In the next street a rhino-sized cop with de rigeur dark aviator specs was shouting at a bird-sized granny crossing the street with her gnarling chihuahua when the pedestrian light was still red.
Had New York lost its cool? You bet. A case of 9/11 nerves rubbed raw by the latest terror alert? No.
Even on a Friday, the city that never sleeps barely ever smiles. This place doesnt get fazed by terrorist chatter about possible attacks, overheard by the world’s spooks.
Even if they are a little queasy, no self-respecting New Yorker would ever admit as much to an alien reporter. But they do hate the gridlock created by the alerts.
And so do I. It took us almost two hours to travel the usual 30 minutes from LaGuardia airport to lower Manhattan. The Brooklyn bridge was a parking lot. Every truck eventually belched out by one of the city’s tunnels was immediately searched by the cops.
Fair enough.
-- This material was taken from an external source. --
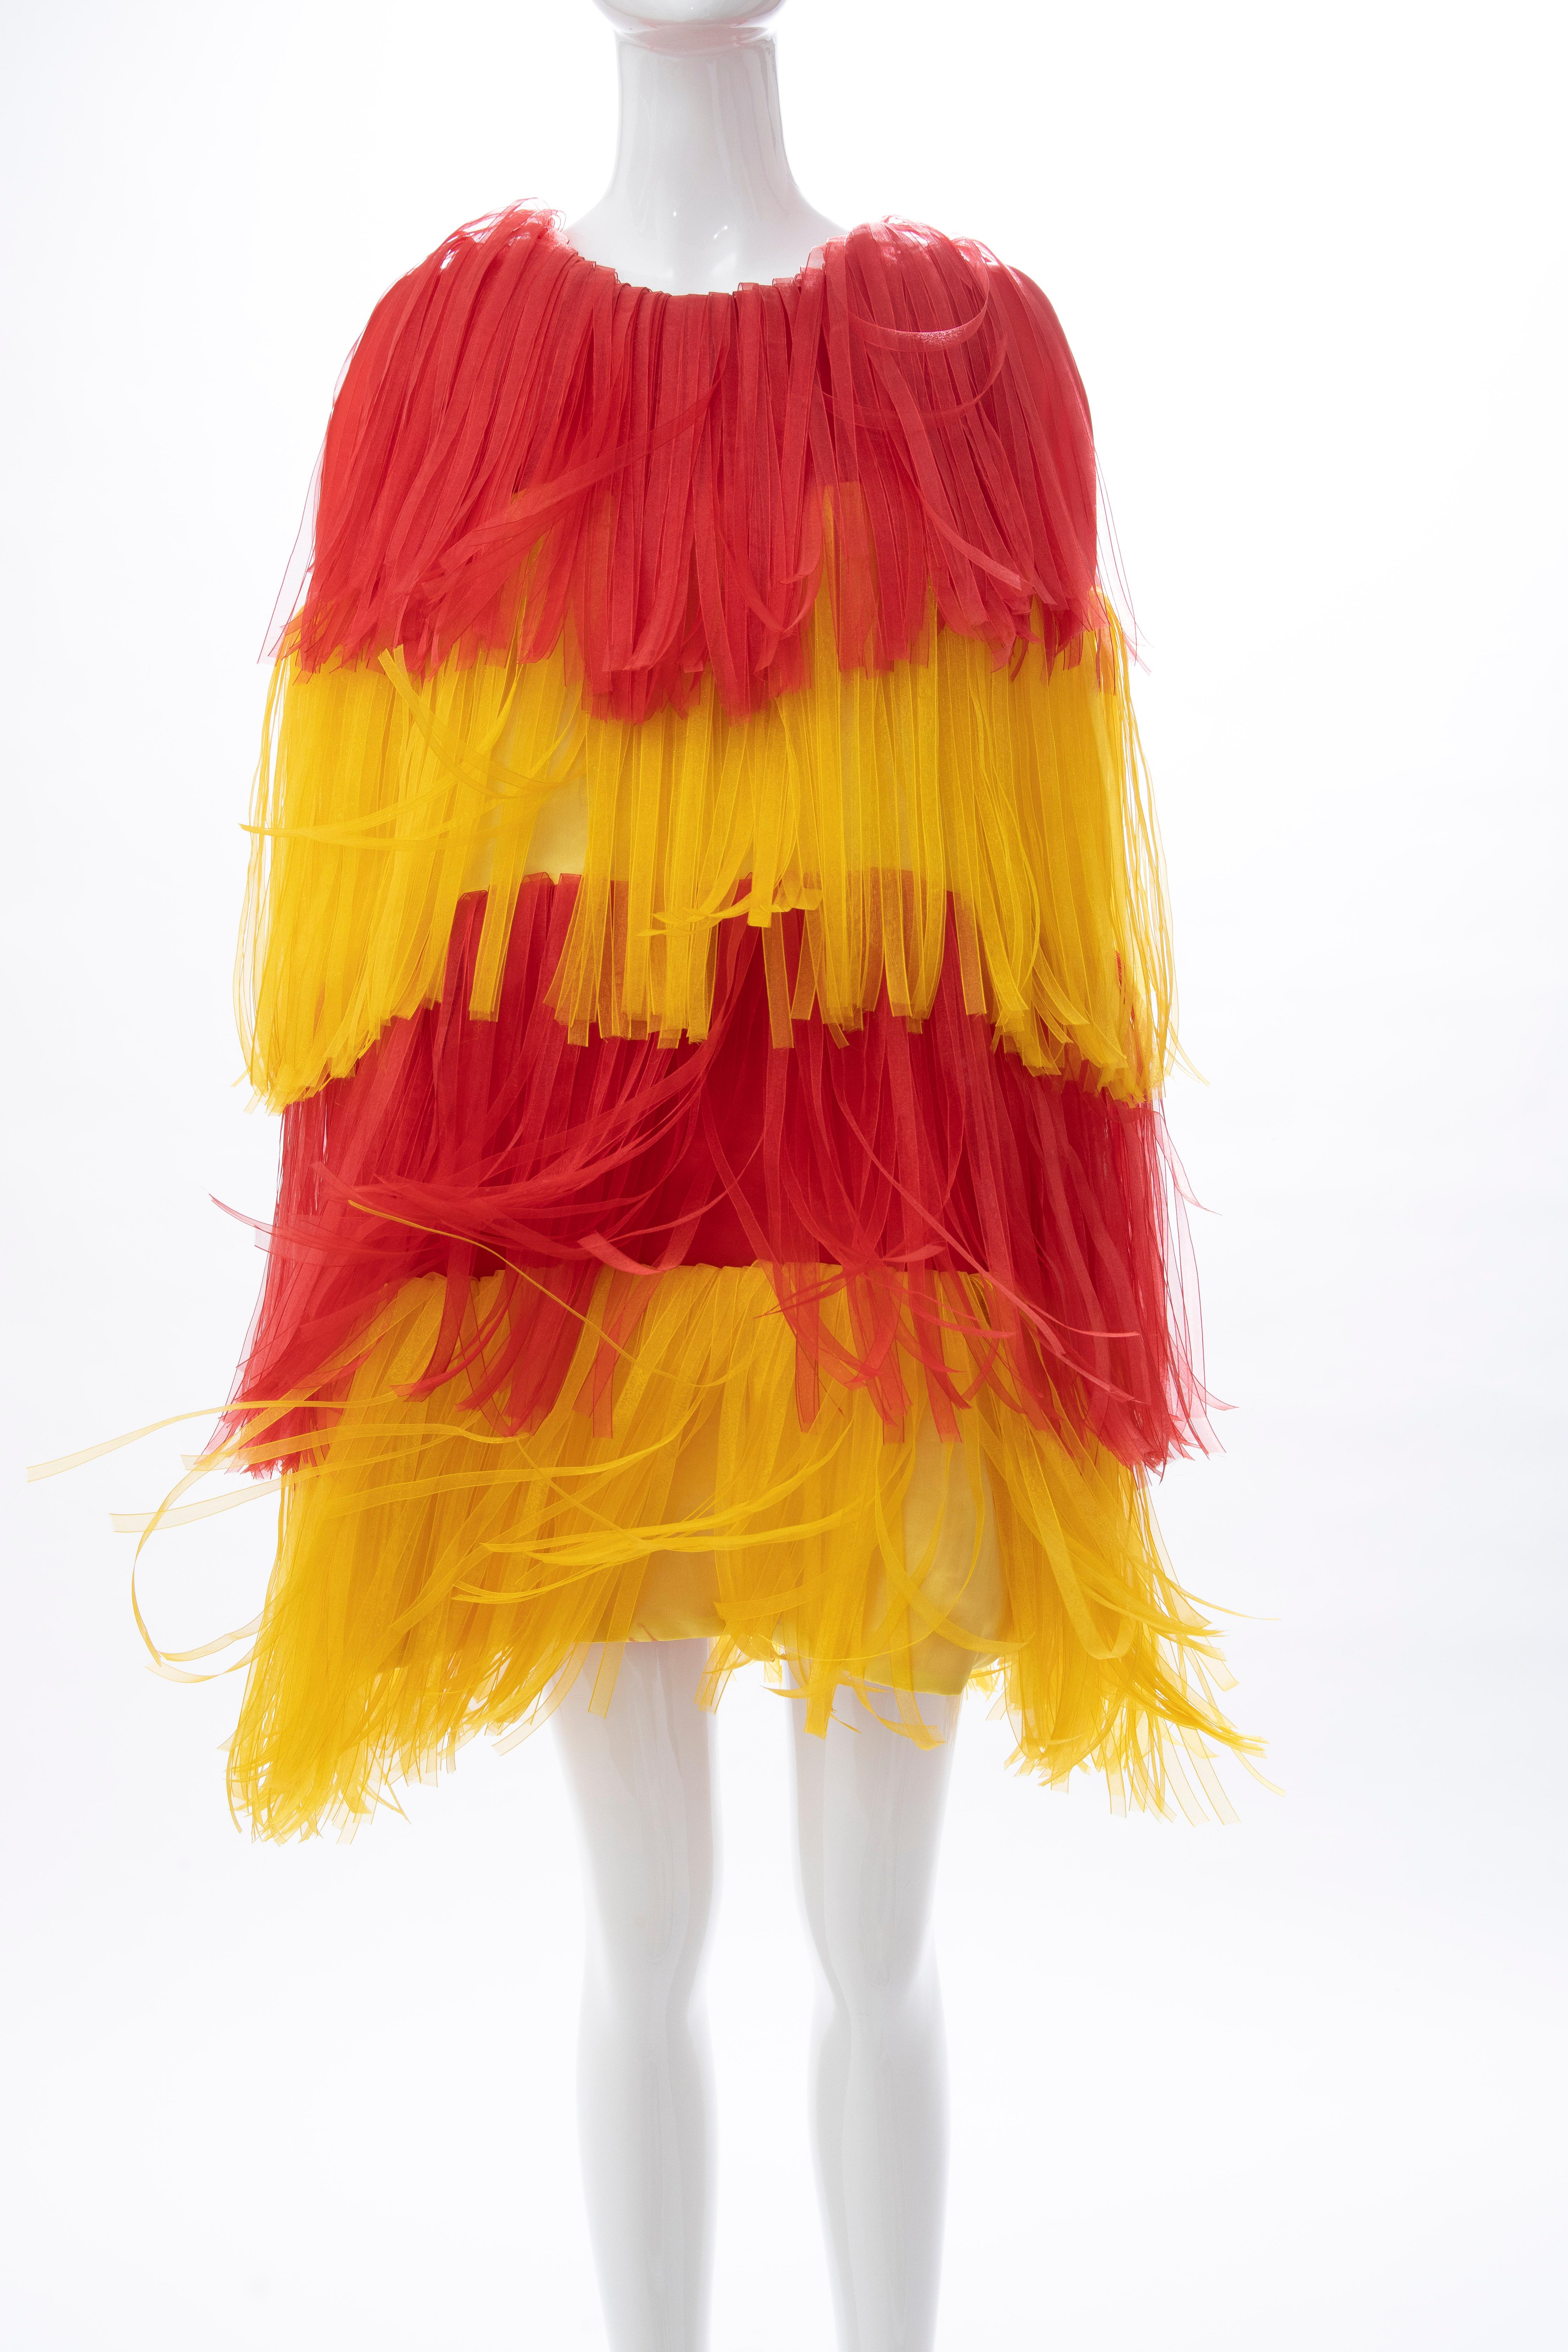 Moschino Couture Runway Silk Fringe Car Wash Evening Dress, Spring 2016 For Sale 6

Three presidents will converge on Ground Zero on Sunday. Swat teams are already in place. A warship, containing steal from the fallen towers in its hull, is parked on the Hudson River.
I wouldn’t be surprised if Ayman al-Zawahiri, the al-Qaeda number two promoted to number one by Bin Laden’s death wanted to use the anniversary to make his mark of leadership on the fractious, diminished organisation he now heads.
I hope not. From my hotel room on the 38th floor I peer straight down to the construction site that was Ground Zero.
Number One World Trade Center is rising like an elegant souffle out of the ground. They add one floor a week as the upper levels begin to taper closer together to form a 104-floor needle in the sky.
The two reflector ponds with their water falls and the names of the dead are a beautiful and simple monument on the footprint of the vanished towers. Once the whole World Trade Center site has been completed it will be a stunning piazza at the heart of Lower Manhattan.